A Python package Leveraging LLMs for Research Synthesis
Project description
Research summarizer
Leveraging LLMs for Research Synthesis
This package is designed to leverage the power of Large Language Models (LLMs) to summarize and synthesize research papers. It combines Natural Language Processing (NLP) techniques and LLMs to extract and summarize key sections from research papers. We provide two methods allowing users to either summarize the full article(s) from the Introduction onwards or start the summary from the methodology onwards. We used a prompt engineering technique where users can specify what they want to extract from the paper(s) and get the summary. This way, the summarizer can provide a high-level summary of the important findings and conclusions. This package also allows you to process multiple PDFs simultaneously, making it particularly useful for systematic literature reviews and research synthesis.
Features
- PDF Extraction: Extract text content from PDF files.

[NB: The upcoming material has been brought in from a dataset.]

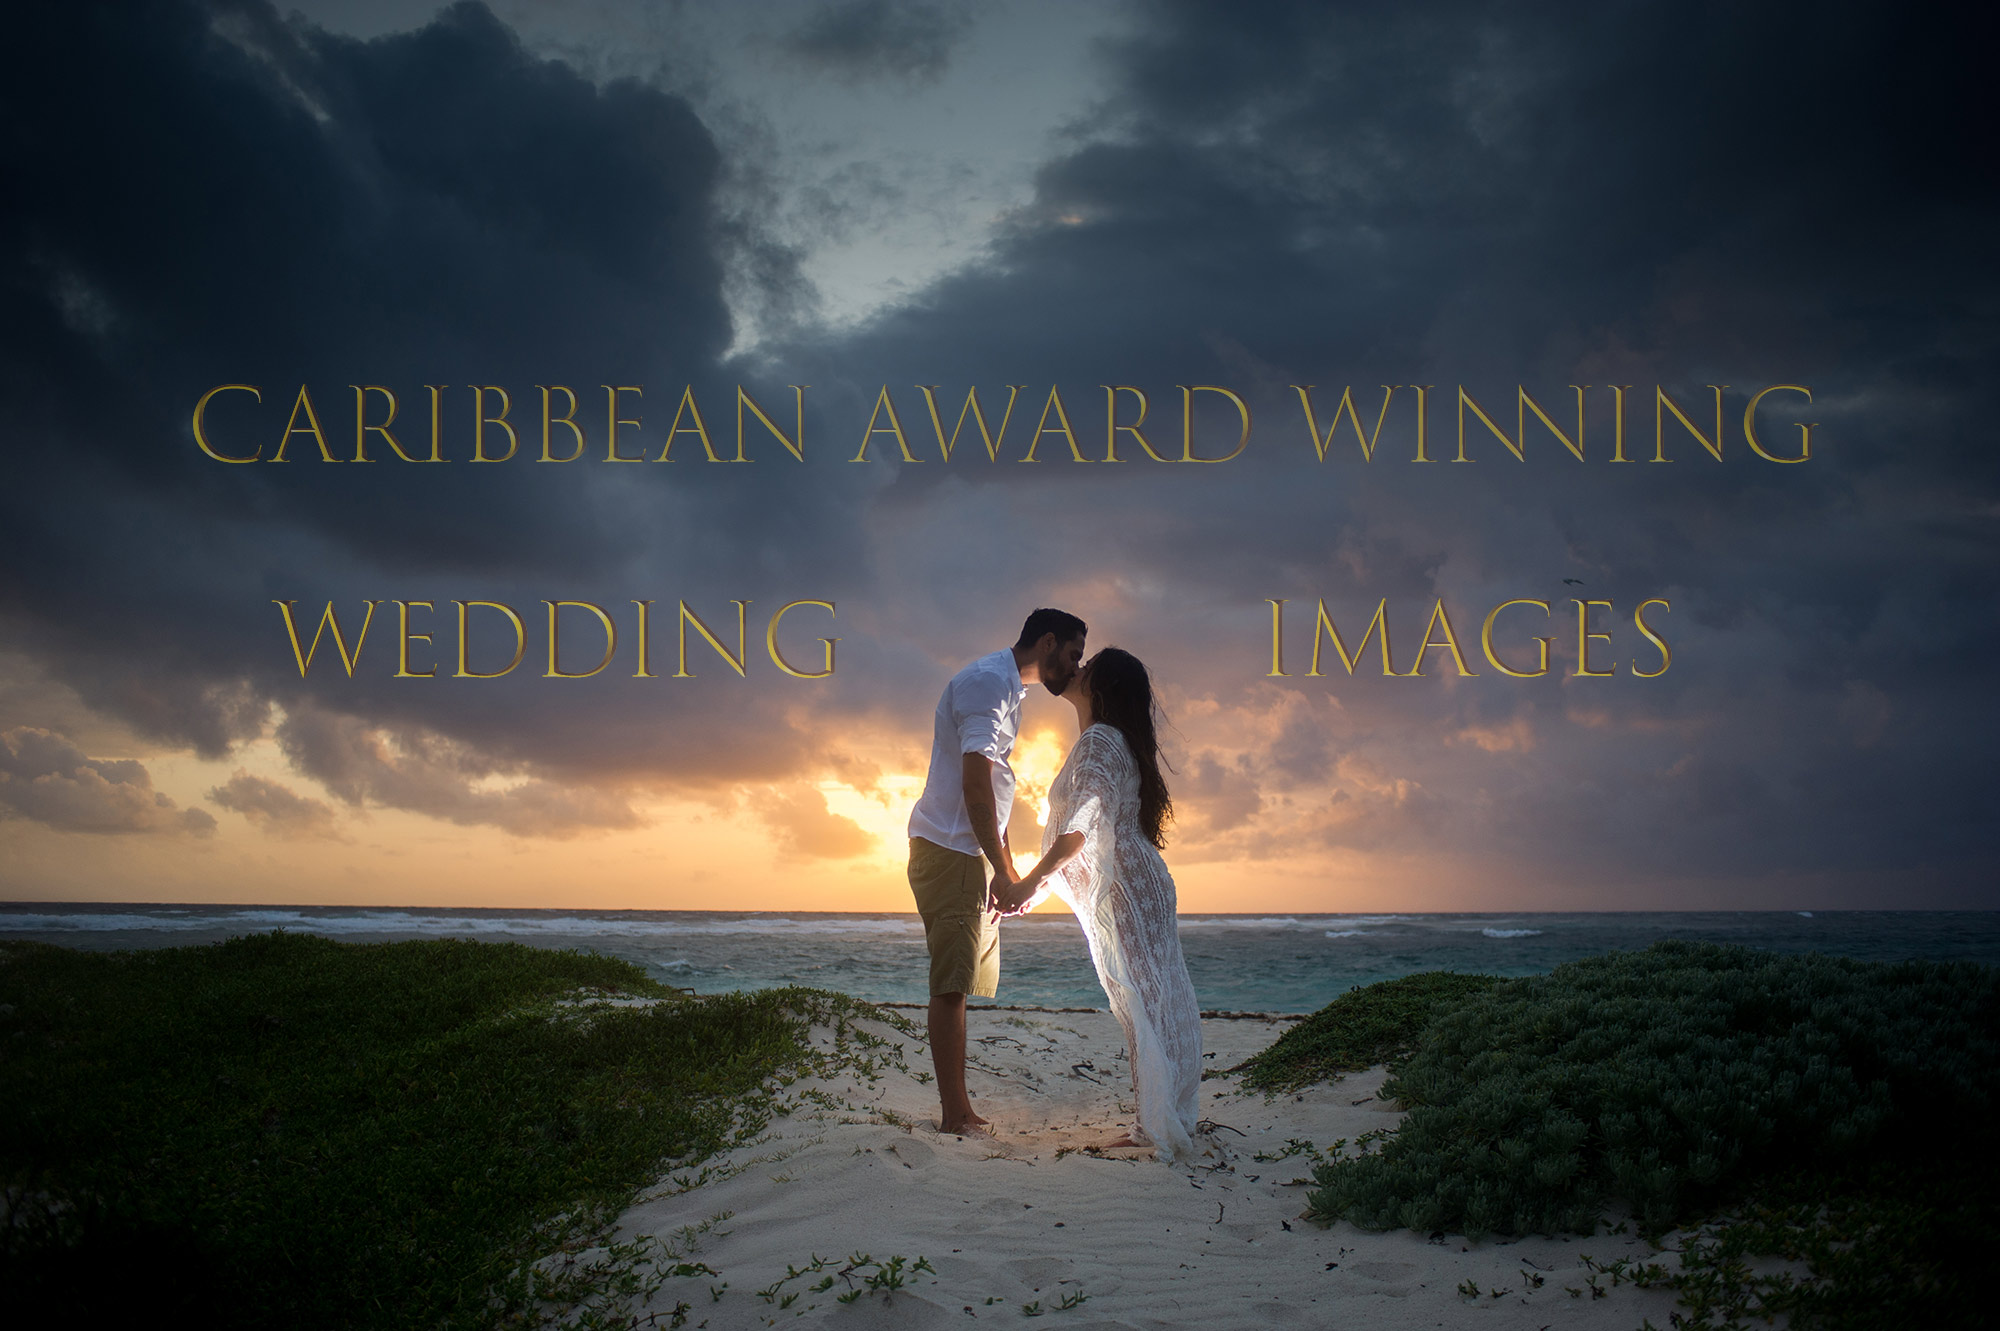 Award winning wedding photography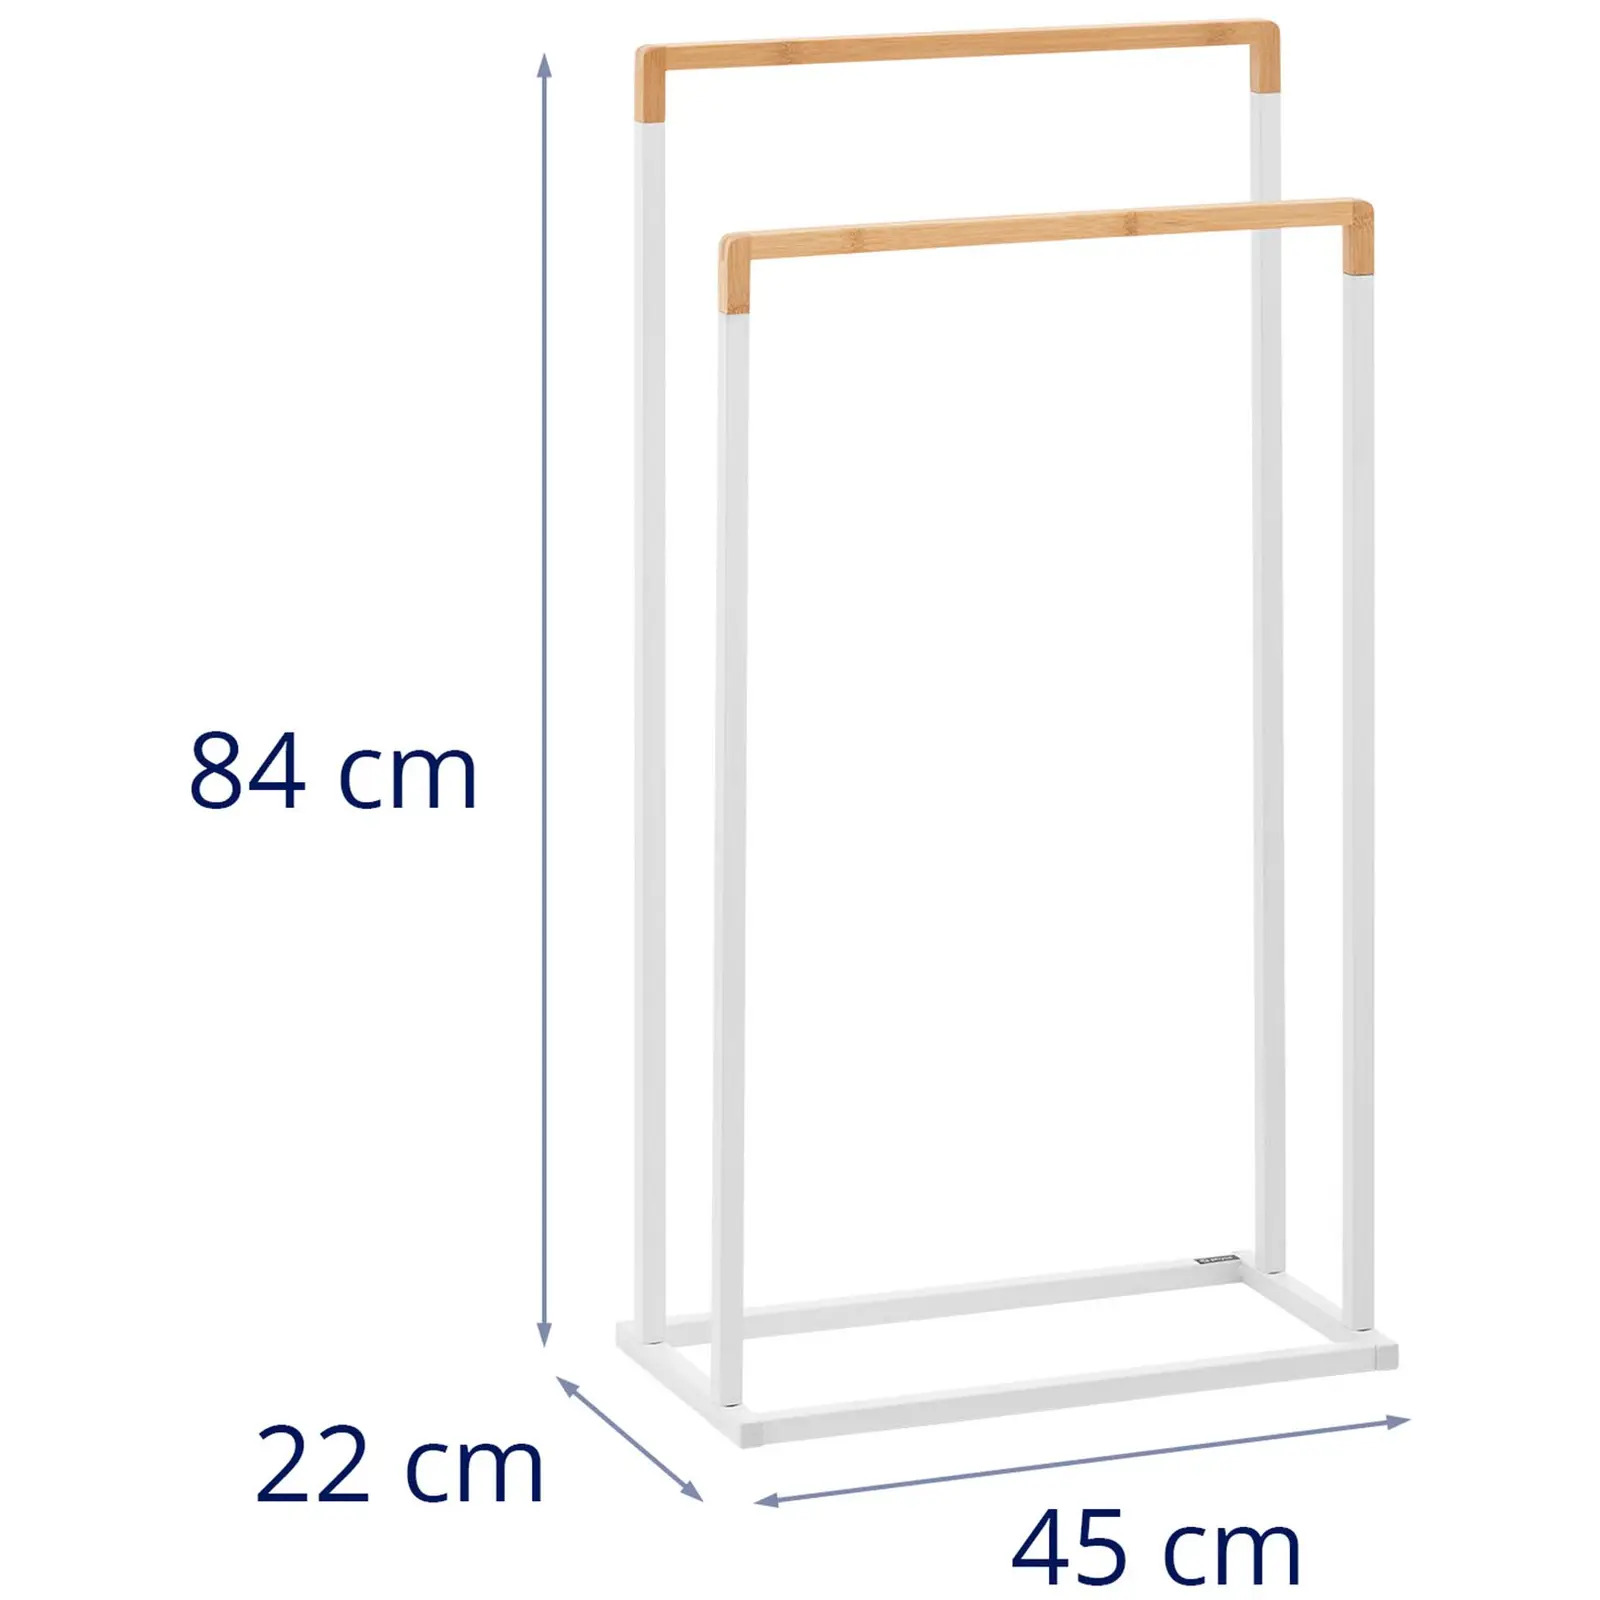 Towel Rail - 2 Bars - Bamboo/White

- Text Preprocessing: Clean and preprocess the extracted text for better summarization.
- Section Extraction: Identify and extract specific sections from the research paper.
- Text Summarization: Generate high-level summaries of the extracted sections using Open source LLMs like Llama 3 and Open AI's GPT-4 model.
- It can batch process multiple research papers at once.
- So, users just need to upload a folder containing multiple research papers and the summarizer will process all the papers and return a summary of each paper.
- The summaries are saved to a folder on your machine.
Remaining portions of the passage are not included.